Data entries:
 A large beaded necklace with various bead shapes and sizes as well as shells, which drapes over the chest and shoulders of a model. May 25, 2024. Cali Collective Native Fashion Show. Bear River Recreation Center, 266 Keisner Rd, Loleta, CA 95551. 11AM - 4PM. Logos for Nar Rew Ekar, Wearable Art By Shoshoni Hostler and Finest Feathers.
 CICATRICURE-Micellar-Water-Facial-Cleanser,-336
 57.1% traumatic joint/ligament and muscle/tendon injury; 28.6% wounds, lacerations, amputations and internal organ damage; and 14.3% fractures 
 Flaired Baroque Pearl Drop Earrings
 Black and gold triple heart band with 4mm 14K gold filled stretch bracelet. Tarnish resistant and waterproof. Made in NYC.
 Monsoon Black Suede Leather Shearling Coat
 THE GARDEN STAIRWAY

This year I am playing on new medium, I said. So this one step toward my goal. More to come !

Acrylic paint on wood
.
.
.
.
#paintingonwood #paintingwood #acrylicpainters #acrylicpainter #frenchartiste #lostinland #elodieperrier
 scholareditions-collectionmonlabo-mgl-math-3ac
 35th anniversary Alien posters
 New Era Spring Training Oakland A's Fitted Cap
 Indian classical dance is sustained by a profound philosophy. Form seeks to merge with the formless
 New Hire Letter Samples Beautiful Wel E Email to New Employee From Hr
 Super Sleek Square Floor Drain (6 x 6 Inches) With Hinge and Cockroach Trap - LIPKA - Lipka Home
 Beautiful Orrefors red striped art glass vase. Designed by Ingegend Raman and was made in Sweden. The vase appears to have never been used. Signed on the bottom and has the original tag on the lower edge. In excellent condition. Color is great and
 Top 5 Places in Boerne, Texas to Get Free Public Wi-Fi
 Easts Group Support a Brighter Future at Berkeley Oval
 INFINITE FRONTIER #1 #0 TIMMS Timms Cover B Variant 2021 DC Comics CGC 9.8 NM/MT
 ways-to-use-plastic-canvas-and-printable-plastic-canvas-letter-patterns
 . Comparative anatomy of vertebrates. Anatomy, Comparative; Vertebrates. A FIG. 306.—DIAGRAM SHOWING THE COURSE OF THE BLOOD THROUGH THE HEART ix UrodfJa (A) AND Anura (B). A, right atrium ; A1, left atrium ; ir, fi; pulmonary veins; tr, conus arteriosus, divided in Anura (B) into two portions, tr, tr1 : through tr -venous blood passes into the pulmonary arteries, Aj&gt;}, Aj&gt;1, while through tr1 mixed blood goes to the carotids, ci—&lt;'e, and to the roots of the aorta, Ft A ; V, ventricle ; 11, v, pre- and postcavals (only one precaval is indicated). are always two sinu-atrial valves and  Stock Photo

> AIM OF THE EXERCISE: An exact reproduction of all the entries above is the expected answer.

> RESPONSE TO THE TASK:
 A large beaded necklace with various bead shapes and sizes as well as shells, which drapes over the chest and shoulders of a model. May 25, 2024. Cali Collective Native Fashion Show. Bear River Recreation Center, 266 Keisner Rd, Loleta, CA 95551. 11AM - 4PM. Logos for Nar Rew Ekar, Wearable Art By Shoshoni Hostler and Finest Feathers.
 CICATRICURE-Micellar-Water-Facial-Cleanser,-336
 57.1% traumatic joint/ligament and muscle/tendon injury; 28.6% wounds, lacerations, amputations and internal organ damage; and 14.3% fractures 
 Flaired Baroque Pearl Drop Earrings
 Black and gold triple heart band with 4mm 14K gold filled stretch bracelet. Tarnish resistant and waterproof. Made in NYC.
 Monsoon Black Suede Leather Shearling Coat
 THE GARDEN STAIRWAY

This year I am playing on new medium, I said. So this one step toward my goal. More to come !

Acrylic paint on wood
.
.
.
.
#paintingonwood #paintingwood #acrylicpainters #acrylicpainter #frenchartiste #lostinland #elodieperrier
 scholareditions-collectionmonlabo-mgl-math-3ac
 35th anniversary Alien posters
 New Era Spring Training Oakland A's Fitted Cap
 Indian classical dance is sustained by a profound philosophy. Form seeks to merge with the formless
 New Hire Letter Samples Beautiful Wel E Email to New Employee From Hr
 Super Sleek Square Floor Drain (6 x 6 Inches) With Hinge and Cockroach Trap - LIPKA - Lipka Home
 Beautiful Orrefors red striped art glass vase. Designed by Ingegend Raman and was made in Sweden. The vase appears to have never been used. Signed on the bottom and has the original tag on the lower edge. In excellent condition. Color is great and
 Top 5 Places in Boerne, Texas to Get Free Public Wi-Fi
 Easts Group Support a Brighter Future at Berkeley Oval
 INFINITE FRONTIER #1 #0 TIMMS Timms Cover B Variant 2021 DC Comics CGC 9.8 NM/MT
 ways-to-use-plastic-canvas-and-printable-plastic-canvas-letter-patterns
 . Comparative anatomy of vertebrates. Anatomy, Comparative; Vertebrates. A FIG. 306.—DIAGRAM SHOWING THE COURSE OF THE BLOOD THROUGH THE HEART ix UrodfJa (A) AND Anura (B). A, right atrium ; A1, left atrium ; ir, fi; pulmonary veins; tr, conus arteriosus, divided in Anura (B) into two portions, tr, tr1 : through tr -venous blood passes into the pulmonary arteries, Aj&gt;}, Aj&gt;1, while through tr1 mixed blood goes to the carotids, ci—&lt;'e, and to the roots of the aorta, Ft A ; V, ventricle ; 11, v, pre- and postcavals (only one precaval is indicated). are always two sinu-atrial valves and  Stock Photo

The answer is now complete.